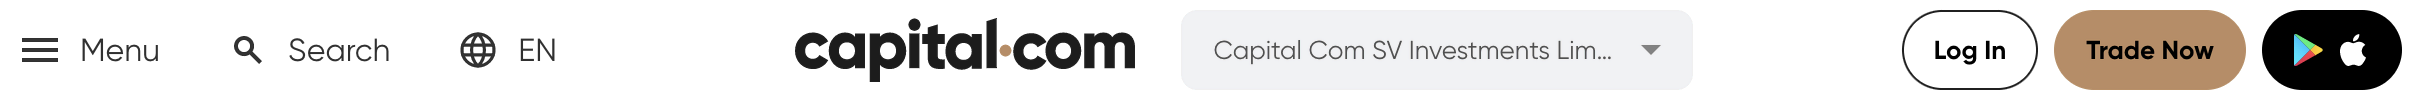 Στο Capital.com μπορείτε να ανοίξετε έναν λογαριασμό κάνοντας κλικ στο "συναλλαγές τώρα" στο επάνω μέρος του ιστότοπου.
------------
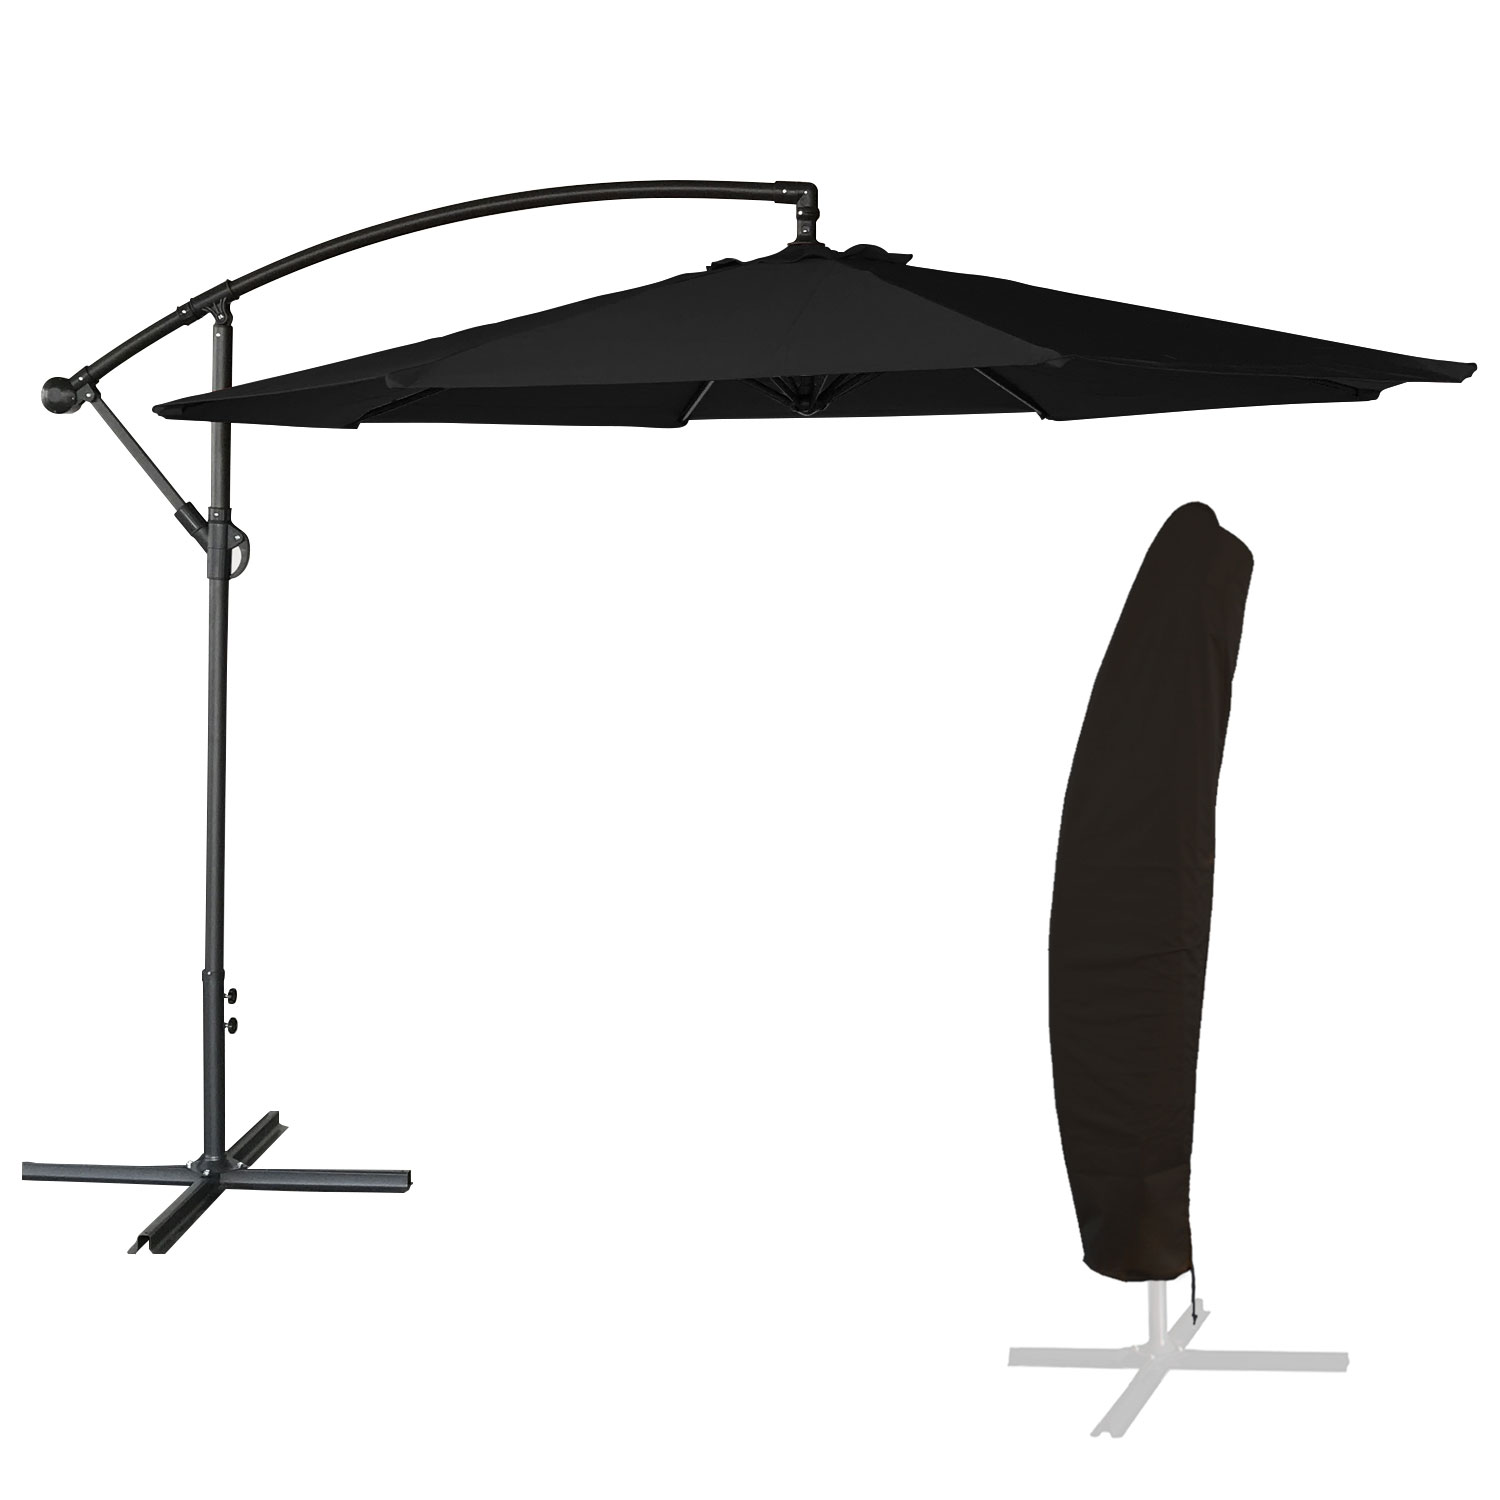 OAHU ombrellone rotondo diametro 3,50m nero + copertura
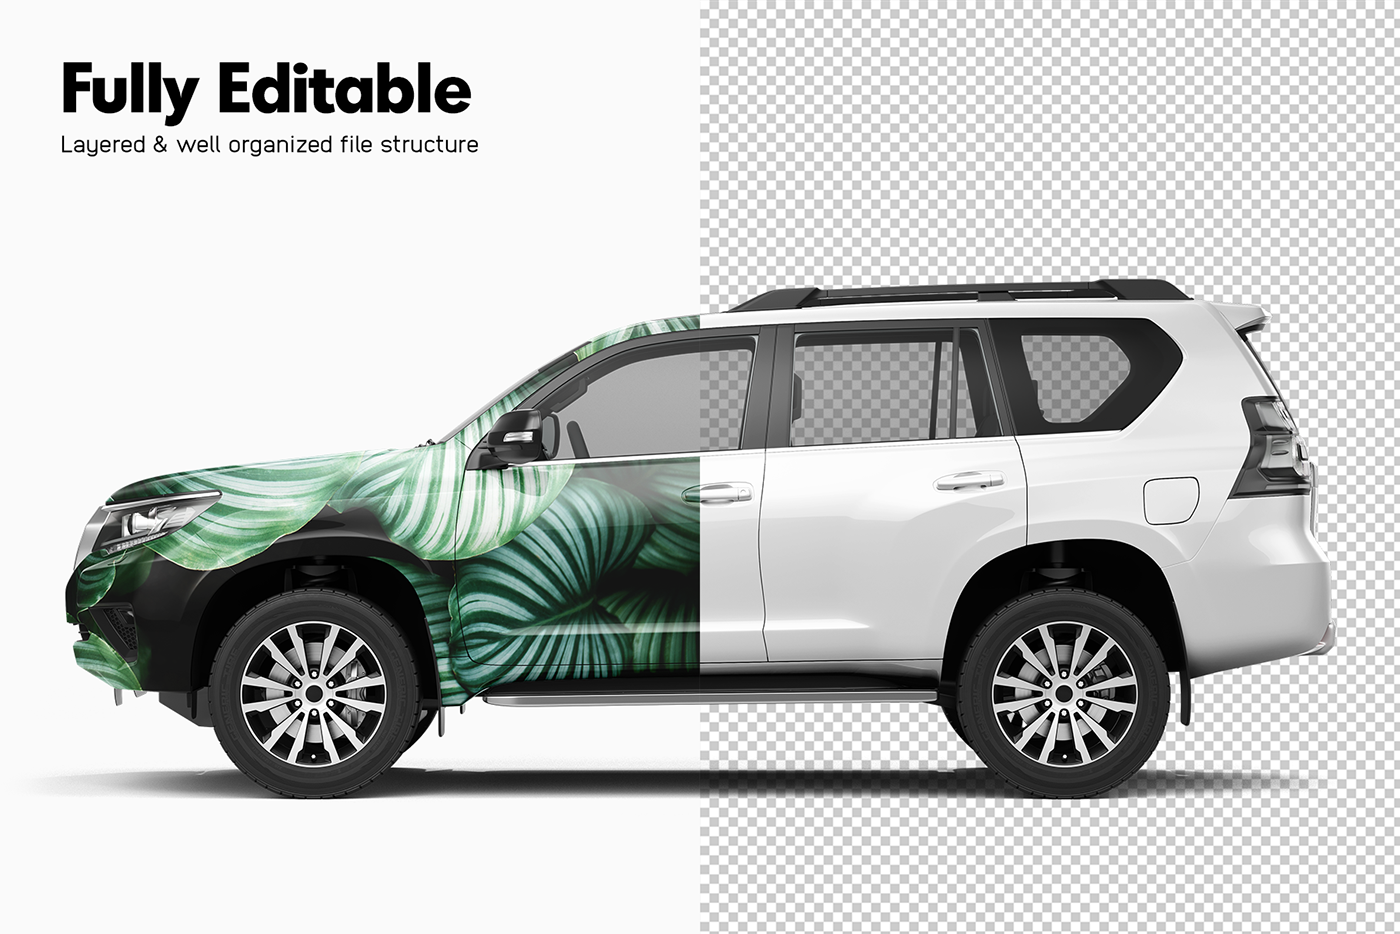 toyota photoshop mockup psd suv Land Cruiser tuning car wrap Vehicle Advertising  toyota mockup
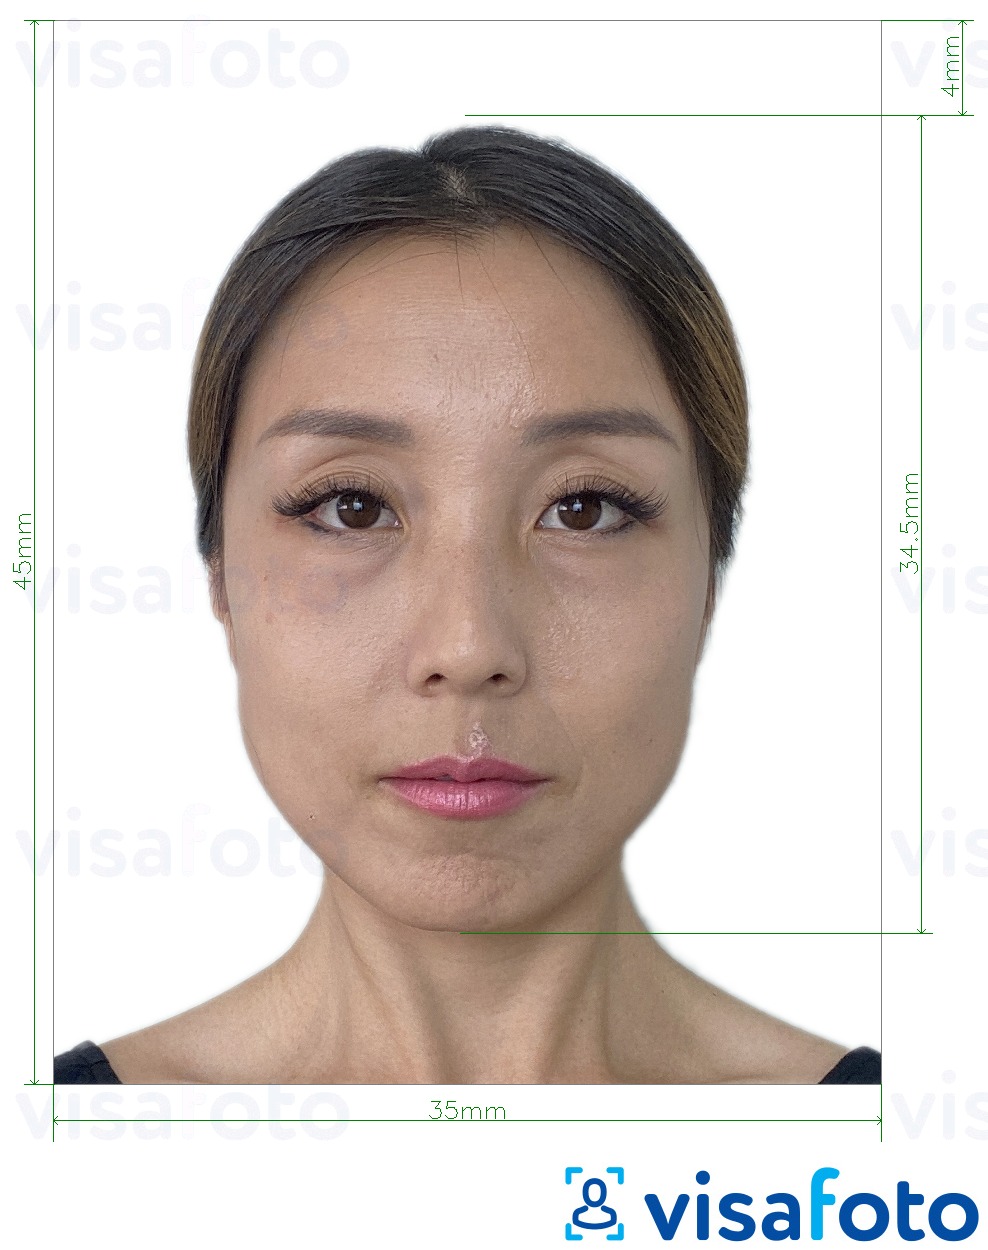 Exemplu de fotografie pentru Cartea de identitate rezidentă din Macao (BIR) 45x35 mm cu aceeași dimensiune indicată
------------
Exercise prompt: Find the line with "toyota photoshop mockup" and the line with "Exemplu de fotografie" in the records above. Copy both and all lines between them exactly, without pictures.

Problem solution:
 toyota photoshop mockup psd suv Land Cruiser tuning car wrap Vehicle Advertising  toyota mockup
 Exemplu de fotografie pentru Cartea de identitate rezidentă din Macao (BIR) 45x35 mm cu aceeași dimensiune indicată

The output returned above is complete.